Monday, April 25, 2011

More complain about hk education

It is a well-know truth that Hong Kong’s international schools have long been filled with local Chinese students since the Hong Kong handover from Britain to China in 1997. A flock of skittish and scared parents carrying their beloved children fled from the Hong Kong government’s patriotic educational policy which changed most of the EMI (English as the medium of instruction) school to CMI (Chinese as the medium of instruction), despite the much higher tuition. Most international schools see half of their yearly intake consist of local Chinese students, and lamentably, sometimes at the highest end of the spectrum, an overwhelming 2 out of 3 are local Chinese students.

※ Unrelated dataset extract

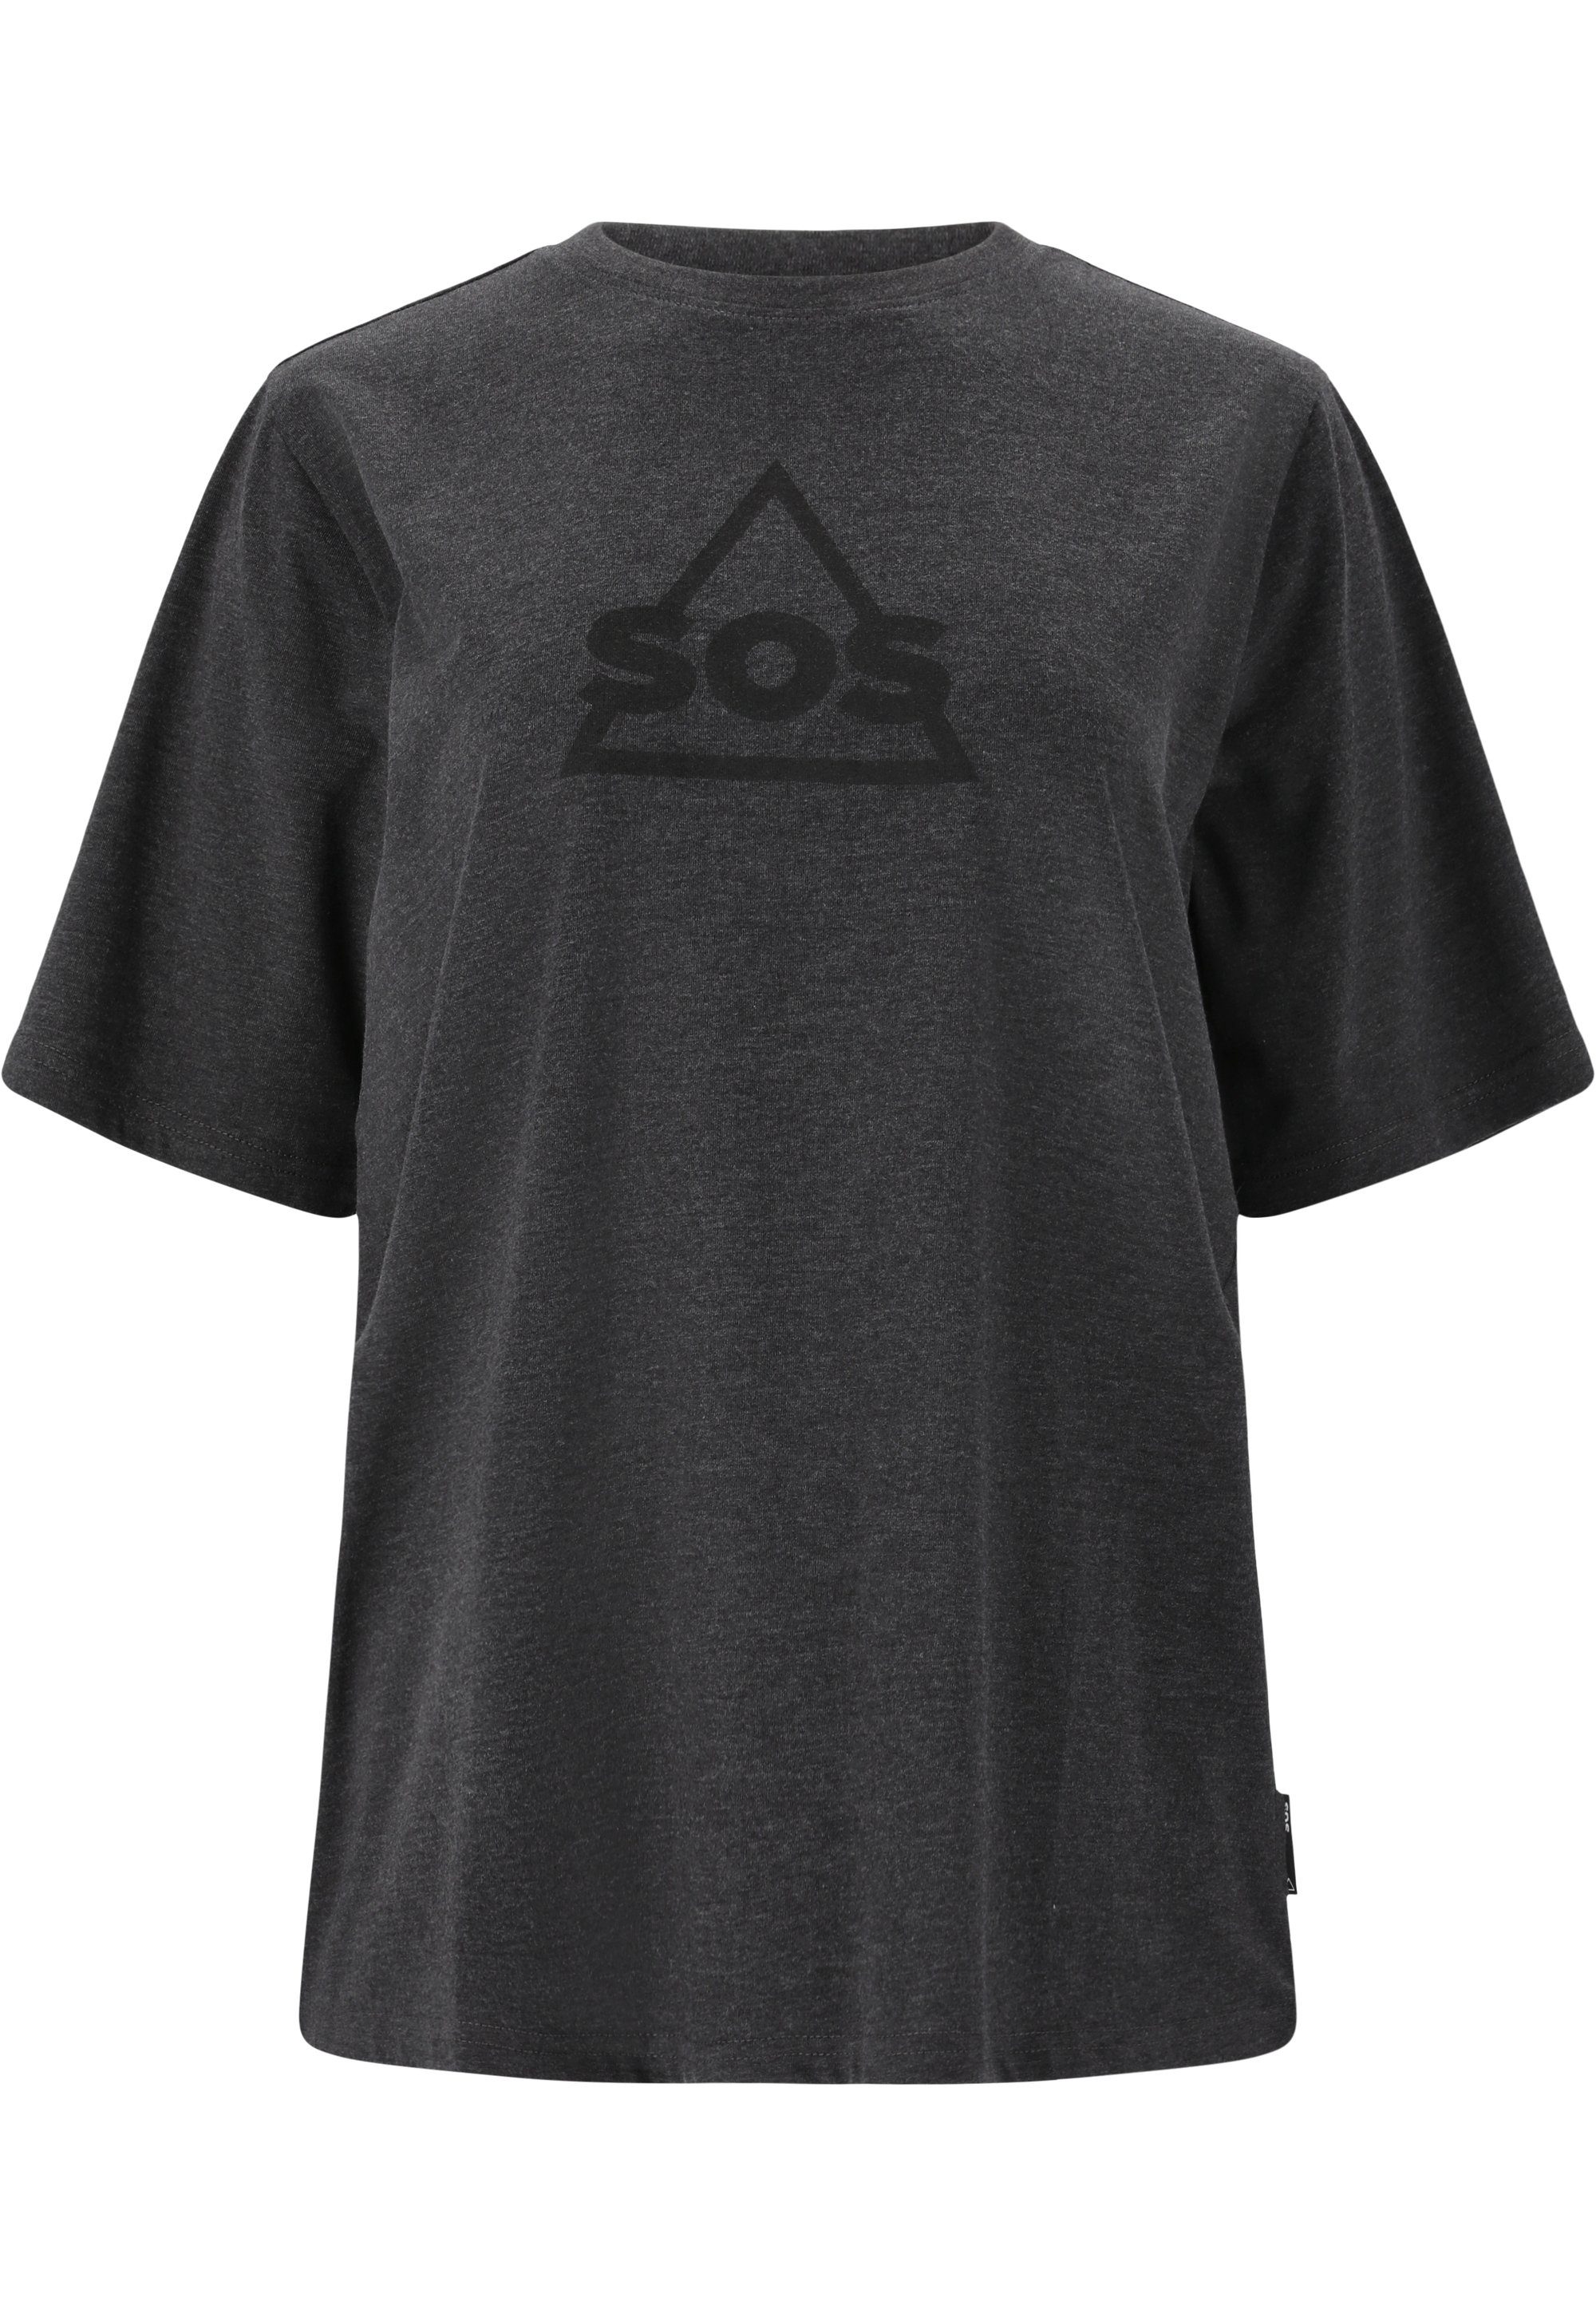 SOS Funktionsshirt Kvitfjell mit Front trendigem auf dunkelgrau der Markenlogo

As ordinary consumers, can parents write in to Consumer Council to complain about these so-called “international” schools? The major point is that these parents are the people who would pay triple the fare for a first-class cabin to London because they are expecting beef tenderloin with goose liver, caviar, prestigiously fine Bordeaux and a relaxing conversation about recent stock market performance with a white-collar seated next to them who probably was on the cover of the March issue of a CEO magazine. Not surprisingly, they do not expect a throng of housewives who have just stopped gossiping about where to buy the fake LV handbags and fall asleep belching after a boisterous chicken feet feast. That is not the value of money.